**Collected material:**
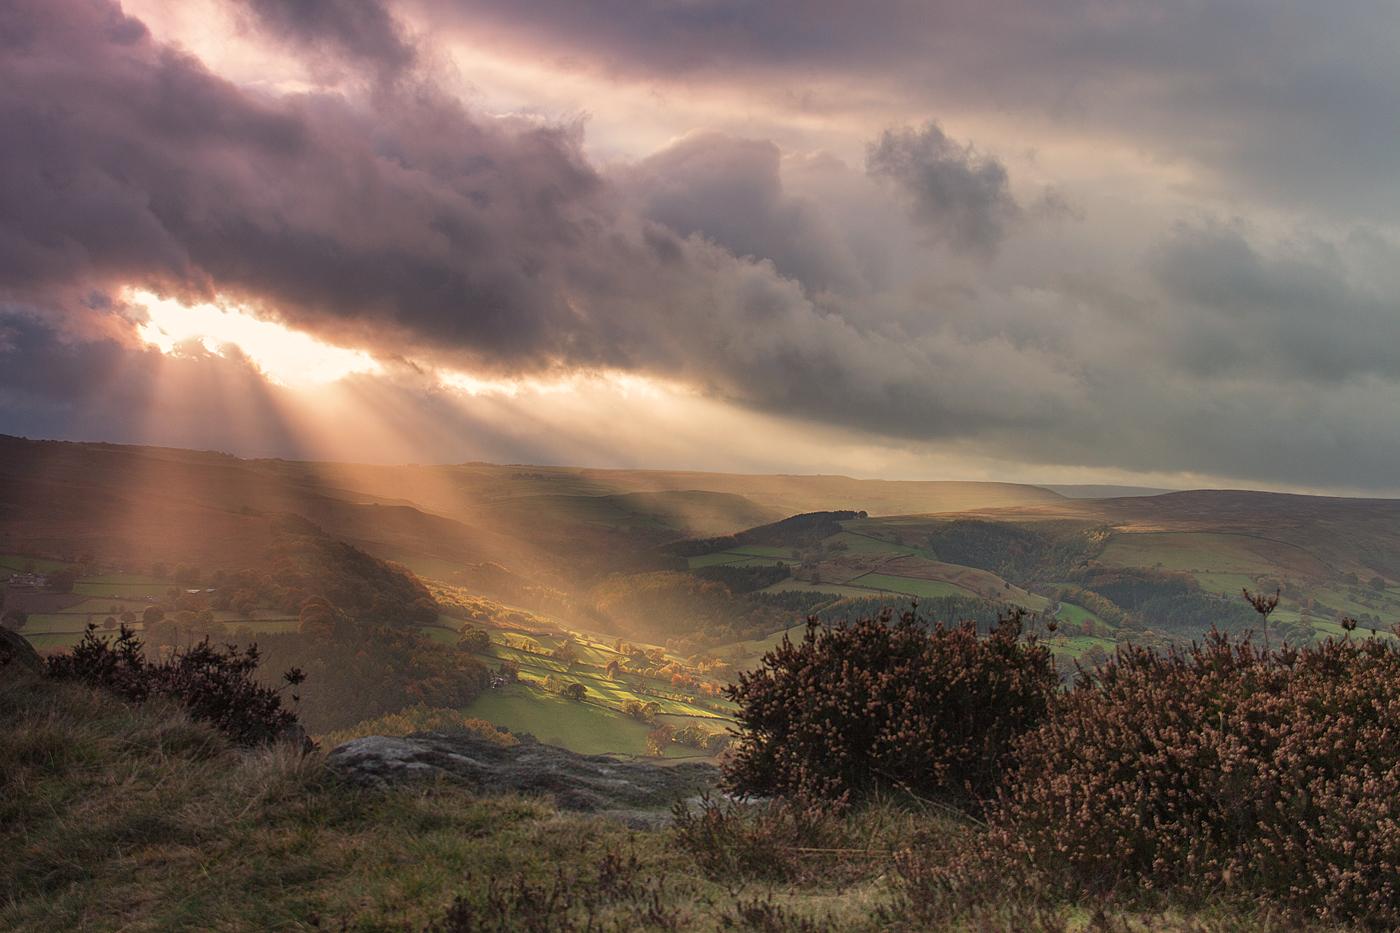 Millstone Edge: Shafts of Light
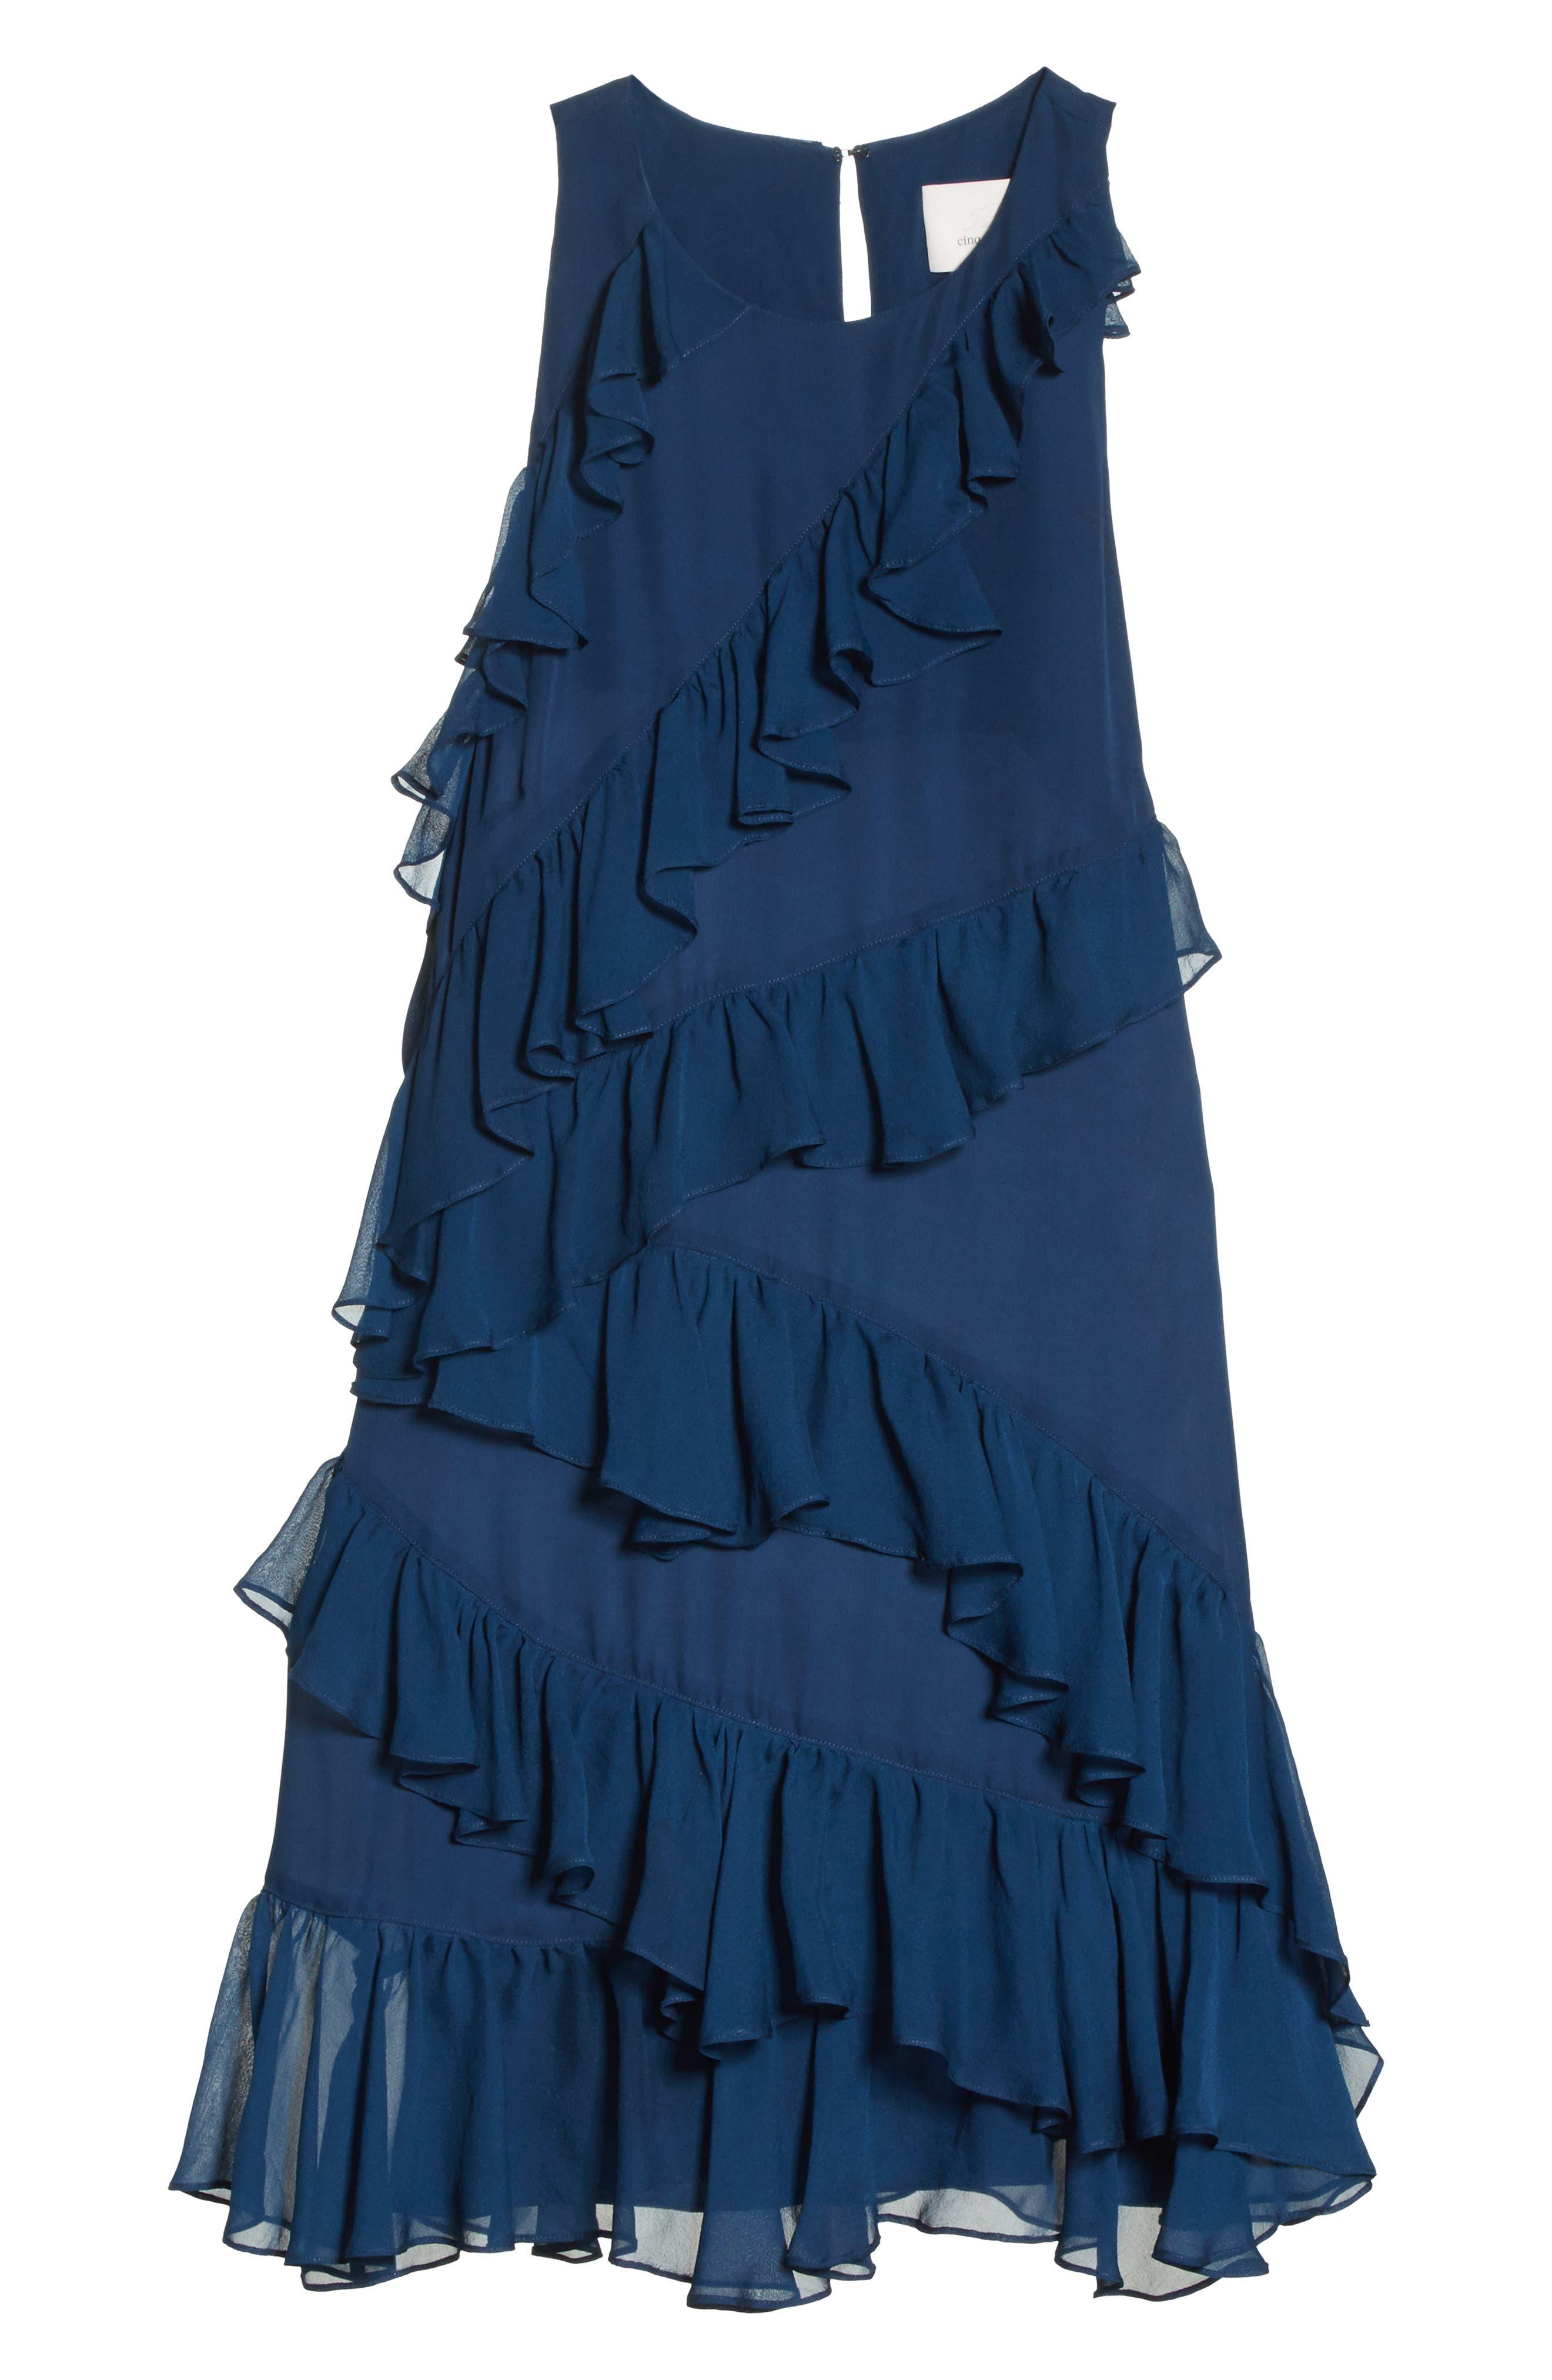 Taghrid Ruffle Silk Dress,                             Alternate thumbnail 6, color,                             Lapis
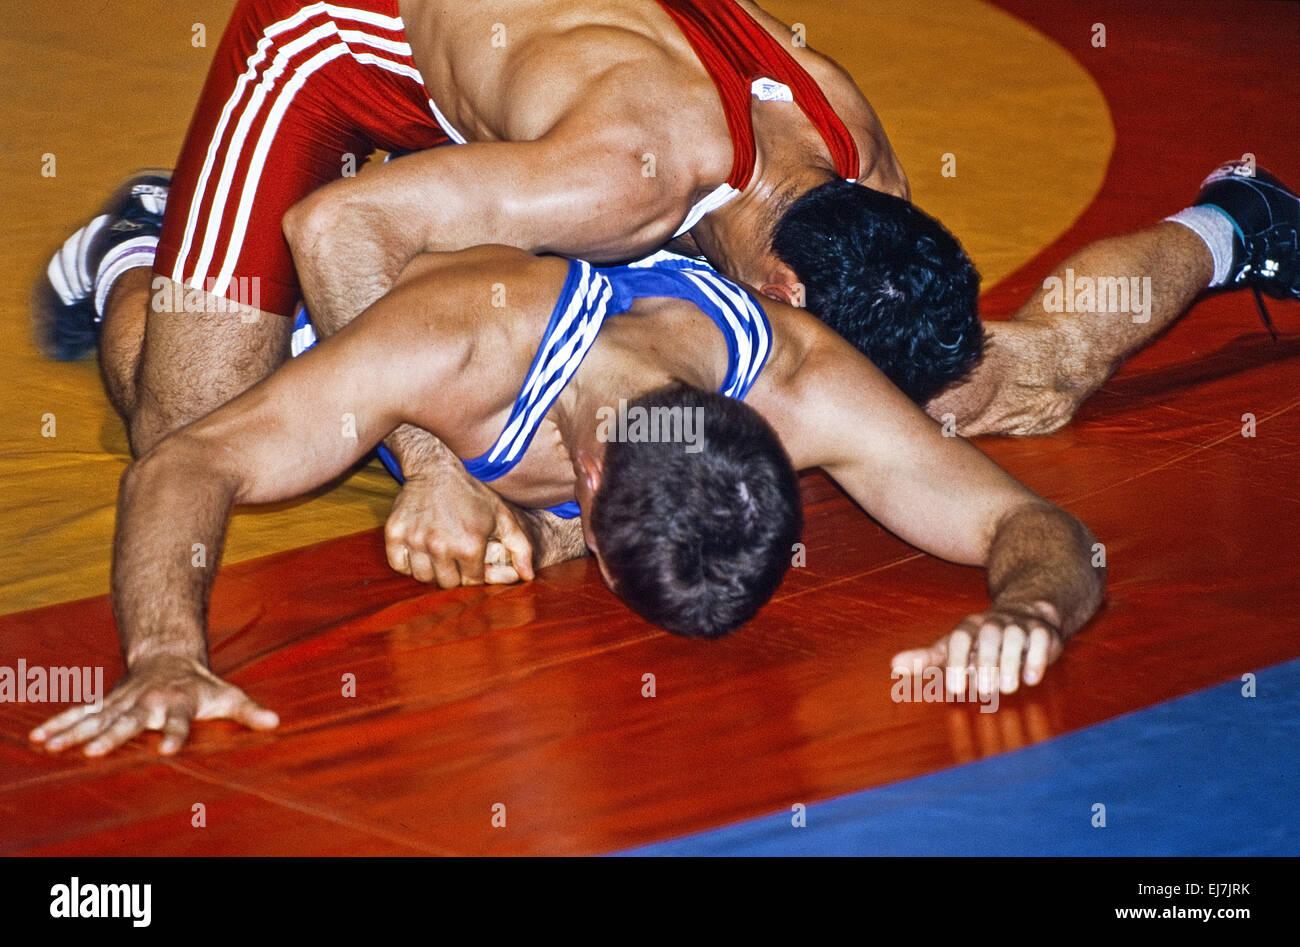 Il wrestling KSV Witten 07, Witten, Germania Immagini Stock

**What to work on:** Once the pictures are set aside, give the rest of the listing again exactly.

**Answer box:**
 Millstone Edge: Shafts of Light
 Taghrid Ruffle Silk Dress,                             Alternate thumbnail 6, color,                             Lapis
 Il wrestling KSV Witten 07, Witten, Germania Immagini Stock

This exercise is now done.